Data in this exercise -
+---+
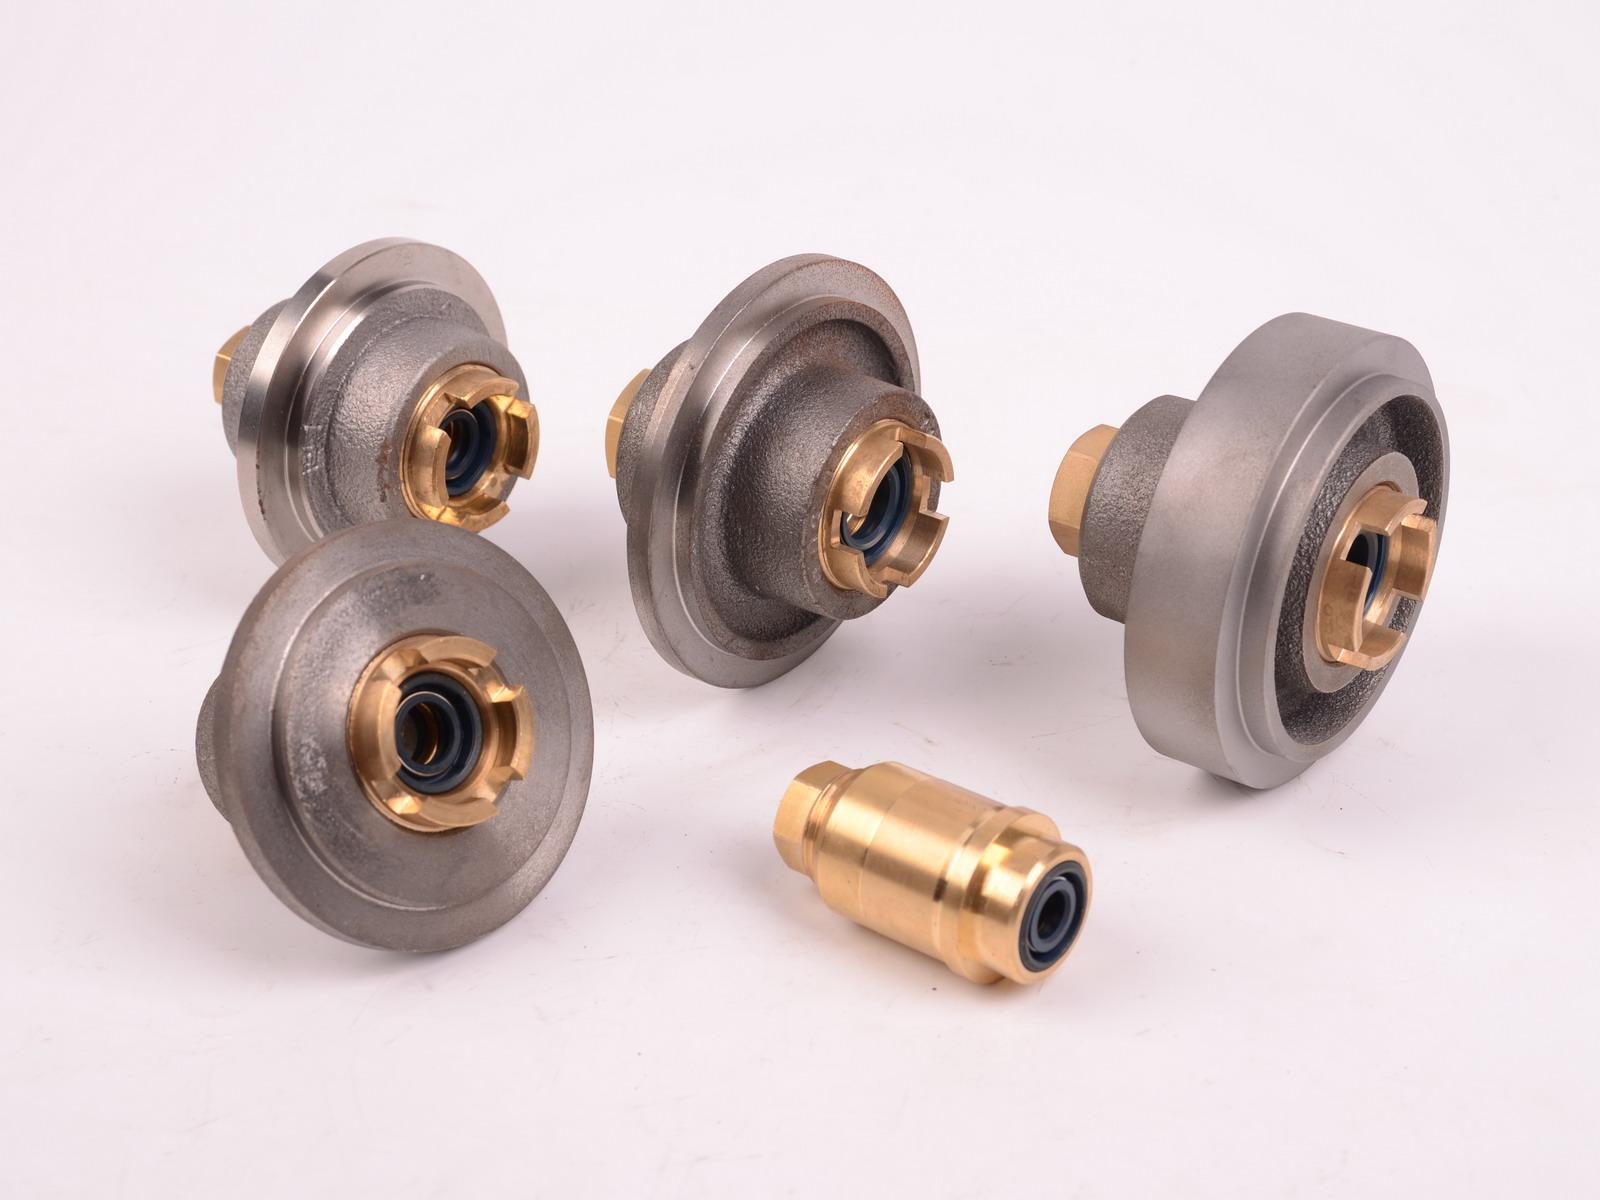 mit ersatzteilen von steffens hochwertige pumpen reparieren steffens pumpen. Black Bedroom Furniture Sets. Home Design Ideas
+---+
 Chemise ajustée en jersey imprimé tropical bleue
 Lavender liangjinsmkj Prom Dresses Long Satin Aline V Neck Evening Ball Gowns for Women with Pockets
+---+
What to work on -
For the lines above, output exactly those from the line containing "Chemise ajustée en" through the line containing "Lavender liangjinsmkj Prom", and skip the others.

Response area -
 Chemise ajustée en jersey imprimé tropical bleue
 Lavender liangjinsmkj Prom Dresses Long Satin Aline V Neck Evening Ball Gowns for Women with Pockets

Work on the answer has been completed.